The new AML/CFT Business Risk Assessment Guidance published by the Dubai Virtual Assets Regulatory Authority (VARA) establishes best practice for licensed virtual asset service providers (VASPs) when conducting business risk assessments (BRAs) related to anti-money laundering (AML) and counter‑terrorist financing (CFT) following a recent thematic review of the sector.
The guidance (14 pages / 712KB PDF), published after VARA’s 2026 BRA thematic review, outlines supervisory expectations across governance, methodology, data integration, proliferation financing risk, and operationalisation of BRA findings.
VARA reinforces existing obligations under the VARA compliance and risk management rulebook, including quarterly BRA review requirements and the need for BRAs to directly inform AML or CFT controls and resource allocation.
The guidance recommends BRA assessments should follow the ‘three lines of defence’ model: examining operational management control of organisational risks; risk management and compliance functions; and an internal audit to provide assurance. It also says that VASPs should proactively assess their exposure to the Financial Action Task Force (FATF) high risk jurisdictions lists.
VARA highlights growing investment by VASPs in data driven frameworks and says it expects BRAs increasingly to be “grounded in operational data” and subject to independent challenge, whether by the firm’s board or by its audit function.
The guidance emphasises that firms may need to enhance both risk assessment and controls, particularly in relation to distinct areas such as proliferation financing. It also outlines a number of virtual asset specific risks, including unhosted wallets – digital accounts that are not hosted by a third-party system and are notoriously difficult to verify – and potential exposure to decentralised finance and stablecoins.
The guidance also places particular emphasis on governance, noting that board level approval and independent challenge of BRA methodologies and residual risk conclusions are key indicators of framework maturity.
VARA also highlights the importance of transparent and repeatable methodologies, with stronger practices involving quantitative risk scoring, documented aggregation approaches and the ability to trace how individual risk inputs translate into overall risk ratings.
Commenting on the guidance, Marie Chowdhry, a fintech expert with Pinsent Masons in Dubai, said: “VARA’s guidance sets out the importance of aligning AML/CFT compliance with supervisory expectations. In particular, the emphasis on the BRA being a live risk management tool, quantitative data integration, three lines of defence, and board level accountability reflects a maturing regulatory approach aligned with FATF expectations.”

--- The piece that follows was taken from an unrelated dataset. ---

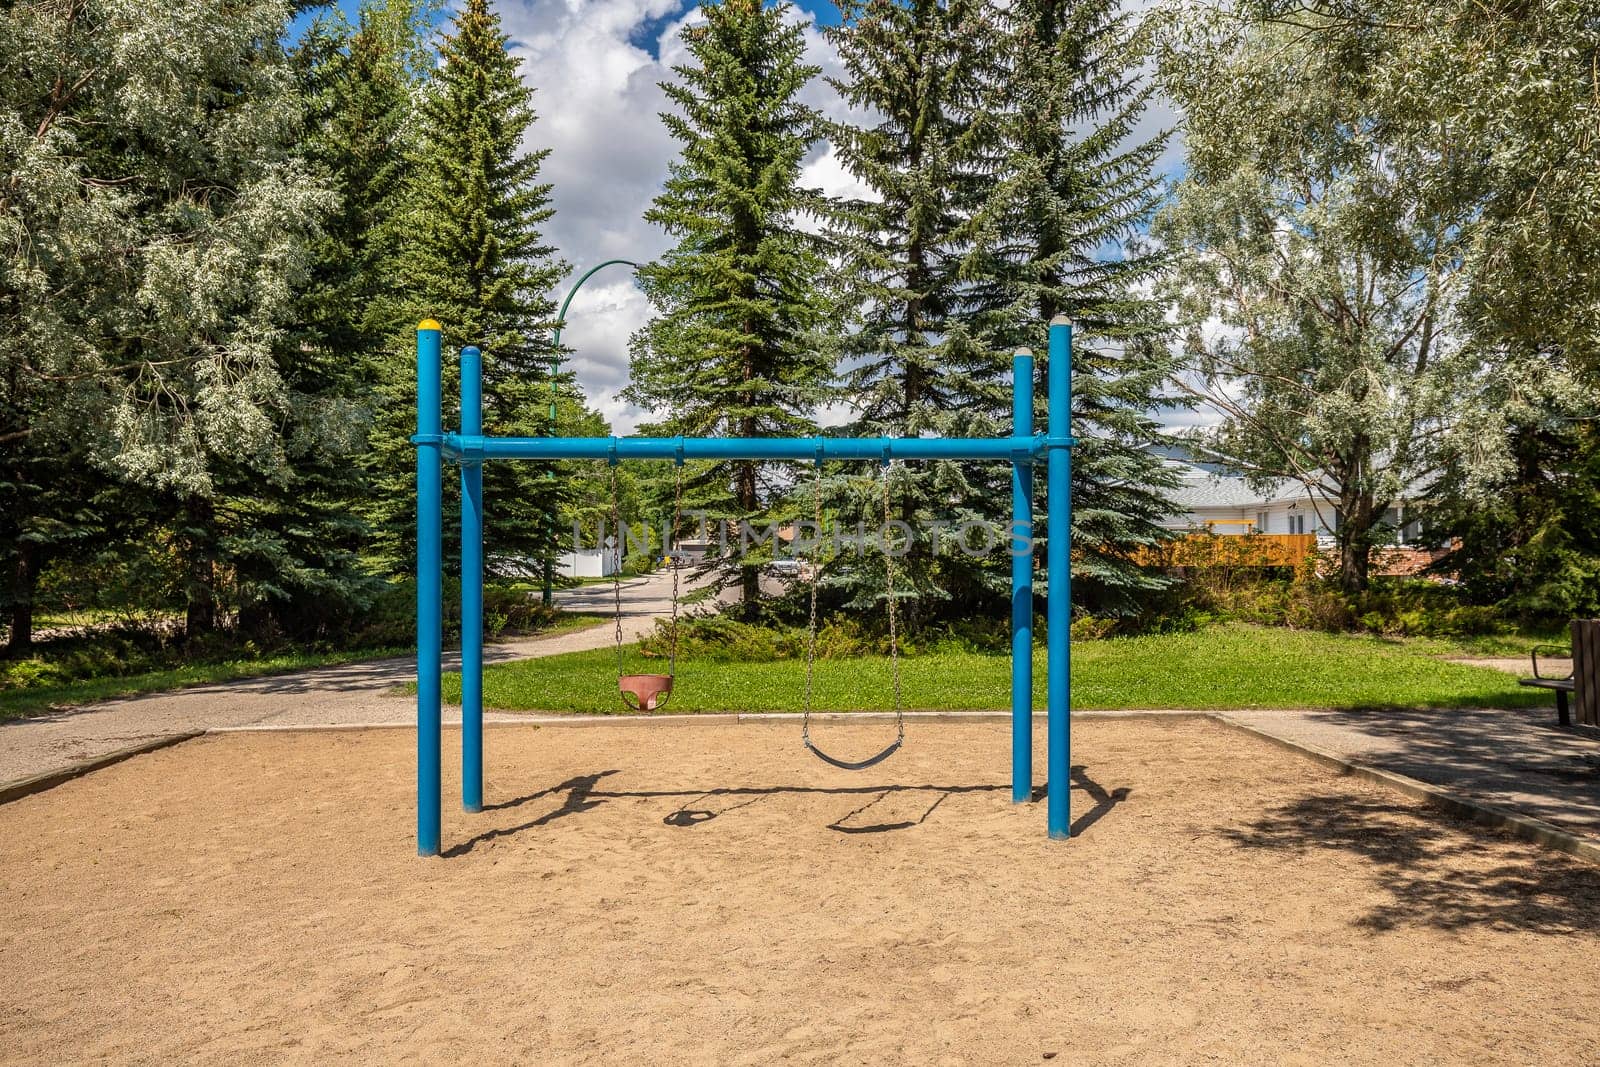 Meadowlark Park is located in the Adelaide Churchill neighborhood of Saskatoon.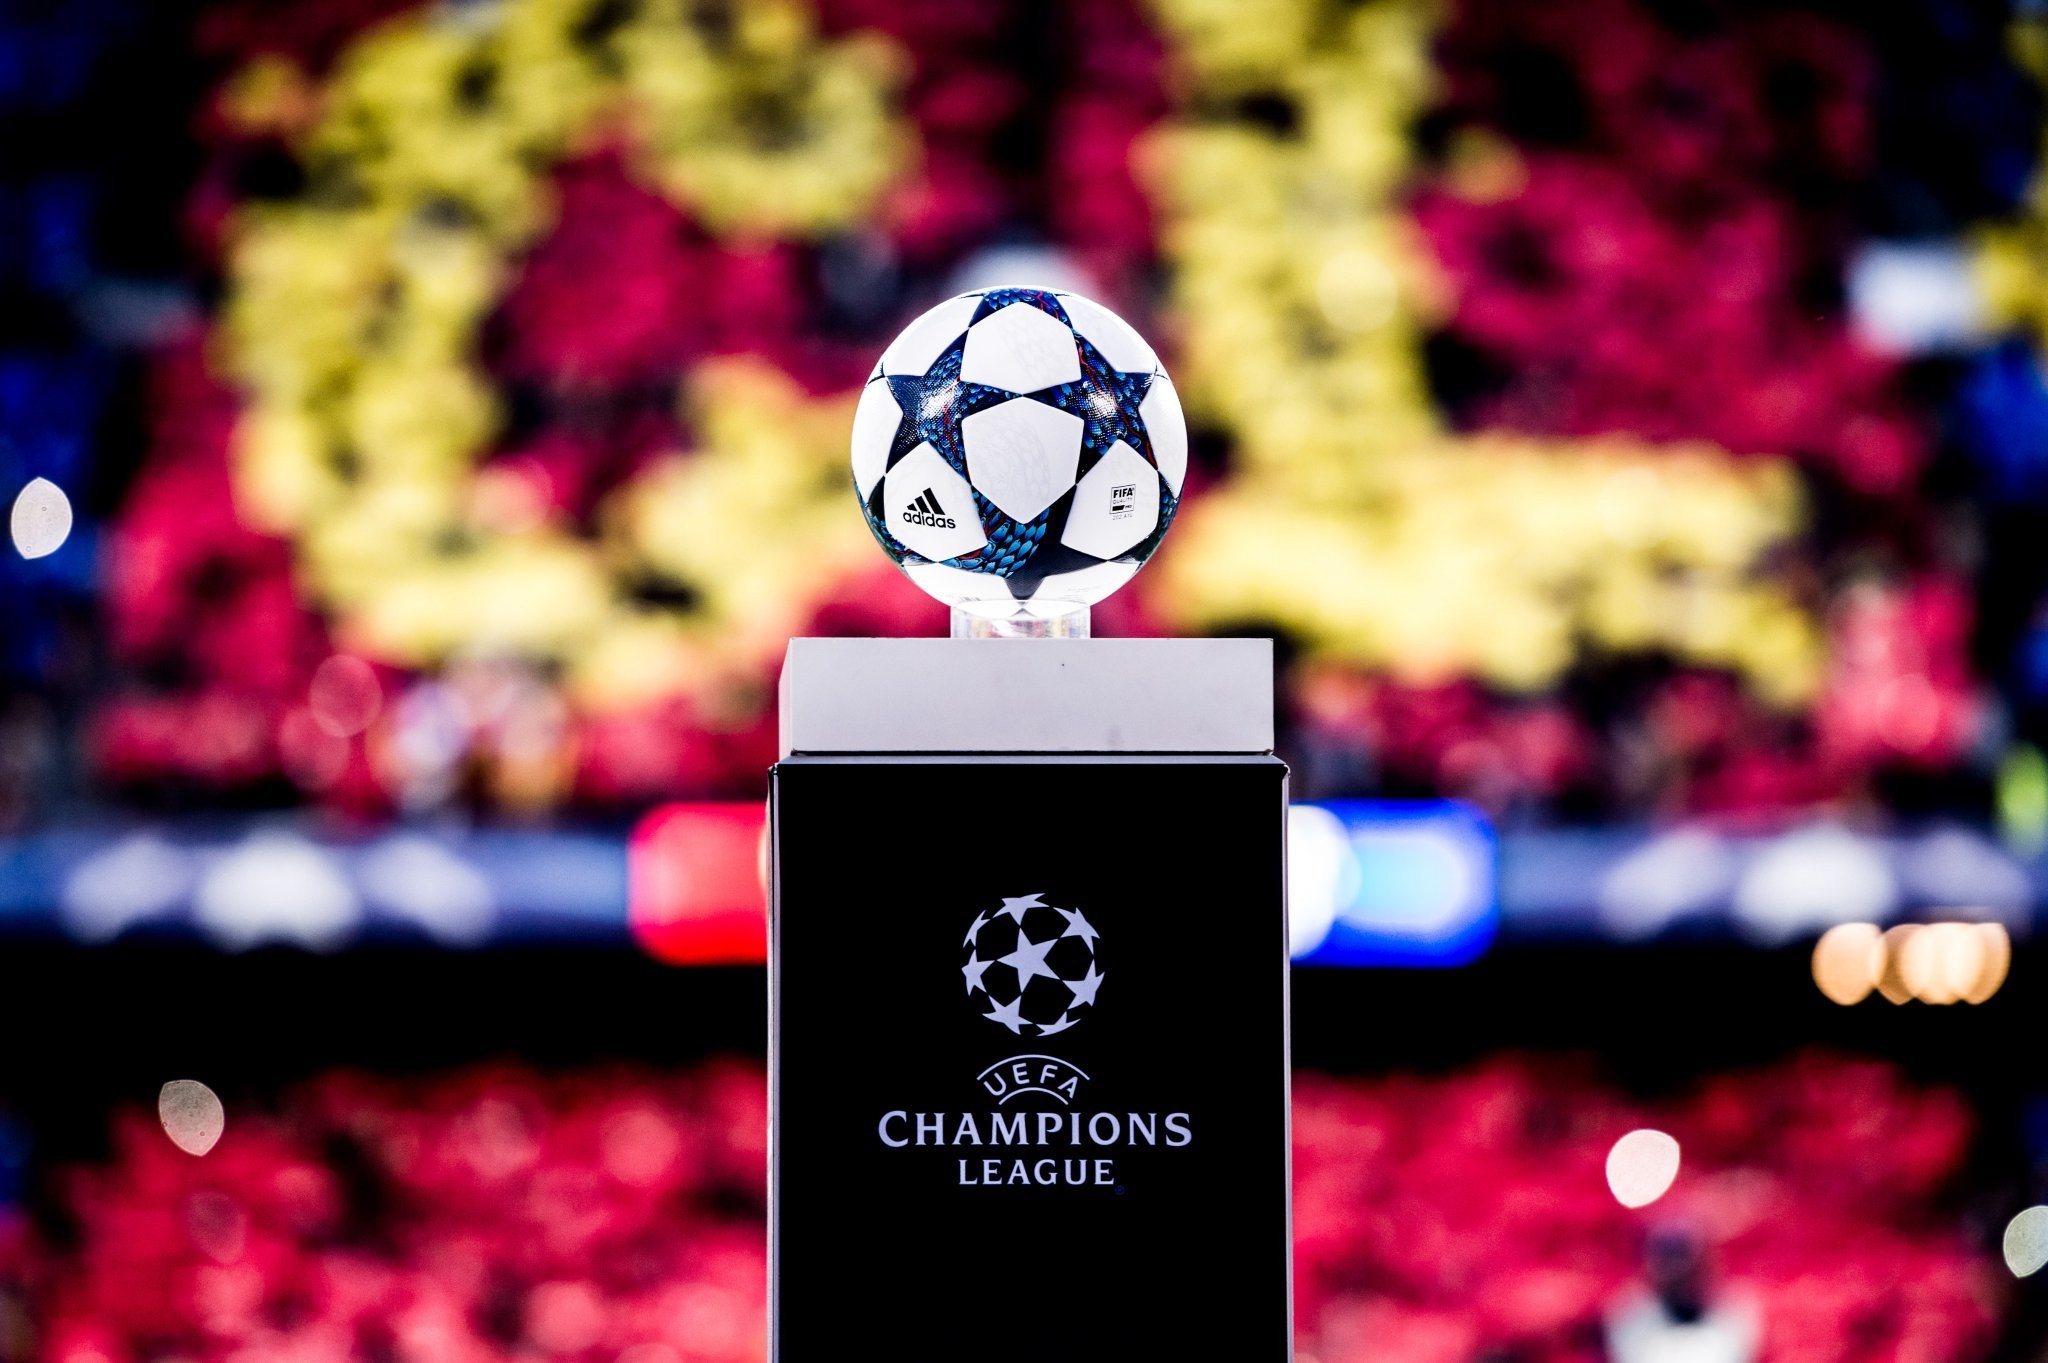 Champions League, FC Barcelona, Camp Nou, Ball, UEFA, Soccer clubs, Soccer, Adidas Wallpaper

The update follows the recent release of other guidance clarifying how VASPs must collect, verify, transmit and retain data about both the originator and beneficiary for any qualifying virtual asset transfers in relation to the ‘Travel Rule’. The latest guidance outlines that strong BRAs will examine cross-border virtual asset transfers, including Travel Rule data integration into sanctions screening and counterparty VASP exposure to high-risk jurisdictions.
A central theme is that BRA findings should be clearly translated into operational decisions, such as adjustments to transaction monitoring thresholds, enhanced due diligence measures, and the allocation of compliance resources.
For VASPs, the practical impact of the new guidance is significant, said Jessa White, a financial regulation expert with Pinsent Masons in Dubai. “Firms will need to ensure that their BRA frameworks are evidence based, regularly updated, and demonstrably linked to operational decisions, such as transaction monitoring calibration, customer due diligence measures, and sanctions screening,” she said. “Firms that fail to align with these expectations may face increased supervisory scrutiny. A proactive gap analysis against VARA’s ‘good practice’ indicators will be critical for maintaining regulatory compliance and demonstrating framework maturity.”